## EXERCISE REQUIREMENTS:
Begin with the line in which "Cyberpunk Dude" appears and end with the final line of the entries. Retype each one exactly and add nothing.

─── MATERIAL FOR THE TASK

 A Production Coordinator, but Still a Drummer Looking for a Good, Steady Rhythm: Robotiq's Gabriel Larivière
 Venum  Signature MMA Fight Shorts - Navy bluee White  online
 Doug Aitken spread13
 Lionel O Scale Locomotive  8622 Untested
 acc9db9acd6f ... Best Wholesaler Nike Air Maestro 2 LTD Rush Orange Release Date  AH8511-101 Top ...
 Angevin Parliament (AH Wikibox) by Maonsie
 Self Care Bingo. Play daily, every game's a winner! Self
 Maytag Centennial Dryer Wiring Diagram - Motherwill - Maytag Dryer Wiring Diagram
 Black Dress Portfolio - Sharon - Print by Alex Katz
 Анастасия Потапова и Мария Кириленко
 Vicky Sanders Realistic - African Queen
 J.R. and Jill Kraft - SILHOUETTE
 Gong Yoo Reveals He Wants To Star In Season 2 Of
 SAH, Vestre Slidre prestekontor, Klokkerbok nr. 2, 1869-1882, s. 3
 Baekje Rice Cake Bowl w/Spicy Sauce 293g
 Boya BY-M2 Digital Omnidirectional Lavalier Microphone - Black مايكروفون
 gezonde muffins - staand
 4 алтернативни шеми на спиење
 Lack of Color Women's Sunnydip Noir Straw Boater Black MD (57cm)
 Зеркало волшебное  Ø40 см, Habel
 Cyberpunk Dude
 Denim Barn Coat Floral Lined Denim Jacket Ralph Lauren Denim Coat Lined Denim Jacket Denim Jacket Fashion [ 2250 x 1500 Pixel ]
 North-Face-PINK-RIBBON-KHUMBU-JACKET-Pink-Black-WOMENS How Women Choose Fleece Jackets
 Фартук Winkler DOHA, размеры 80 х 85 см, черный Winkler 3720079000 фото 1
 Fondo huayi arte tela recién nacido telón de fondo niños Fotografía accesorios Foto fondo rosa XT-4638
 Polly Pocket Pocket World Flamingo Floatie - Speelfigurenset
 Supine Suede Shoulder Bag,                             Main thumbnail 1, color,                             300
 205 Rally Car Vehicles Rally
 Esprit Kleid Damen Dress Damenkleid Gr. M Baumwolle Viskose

──────

## WRITTEN ANSWER:
 Cyberpunk Dude
 Denim Barn Coat Floral Lined Denim Jacket Ralph Lauren Denim Coat Lined Denim Jacket Denim Jacket Fashion [ 2250 x 1500 Pixel ]
 North-Face-PINK-RIBBON-KHUMBU-JACKET-Pink-Black-WOMENS How Women Choose Fleece Jackets
 Фартук Winkler DOHA, размеры 80 х 85 см, черный Winkler 3720079000 фото 1
 Fondo huayi arte tela recién nacido telón de fondo niños Fotografía accesorios Foto fondo rosa XT-4638
 Polly Pocket Pocket World Flamingo Floatie - Speelfigurenset
 Supine Suede Shoulder Bag,                             Main thumbnail 1, color,                             300
 205 Rally Car Vehicles Rally
 Esprit Kleid Damen Dress Damenkleid Gr. M Baumwolle Viskose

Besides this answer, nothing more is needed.